Where the listing below reaches the line containing "Youtooz: Uncle Roger", start writing out lines exactly, and stop once the line containing "N780MD, 2012 Cirrus" has been written.

DATA SHOWN:
============

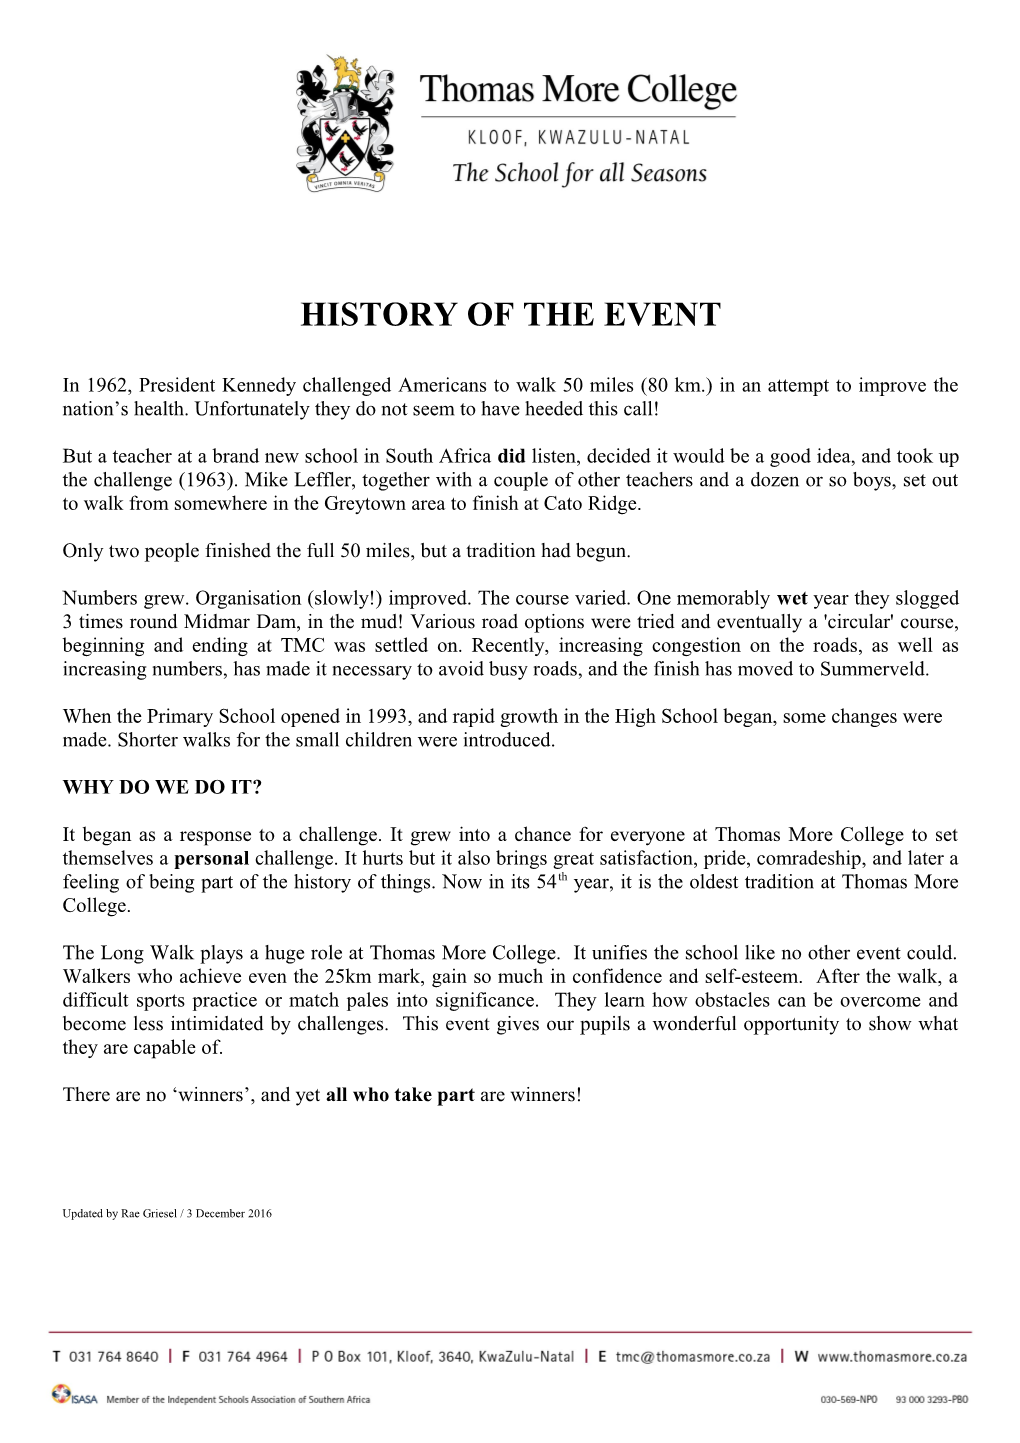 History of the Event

============

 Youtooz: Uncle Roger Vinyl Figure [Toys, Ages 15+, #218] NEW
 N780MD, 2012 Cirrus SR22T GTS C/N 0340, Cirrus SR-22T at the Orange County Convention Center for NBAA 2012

============

RESPONSE TO THE TASK:
 Youtooz: Uncle Roger Vinyl Figure [Toys, Ages 15+, #218] NEW
 N780MD, 2012 Cirrus SR22T GTS C/N 0340, Cirrus SR-22T at the Orange County Convention Center for NBAA 2012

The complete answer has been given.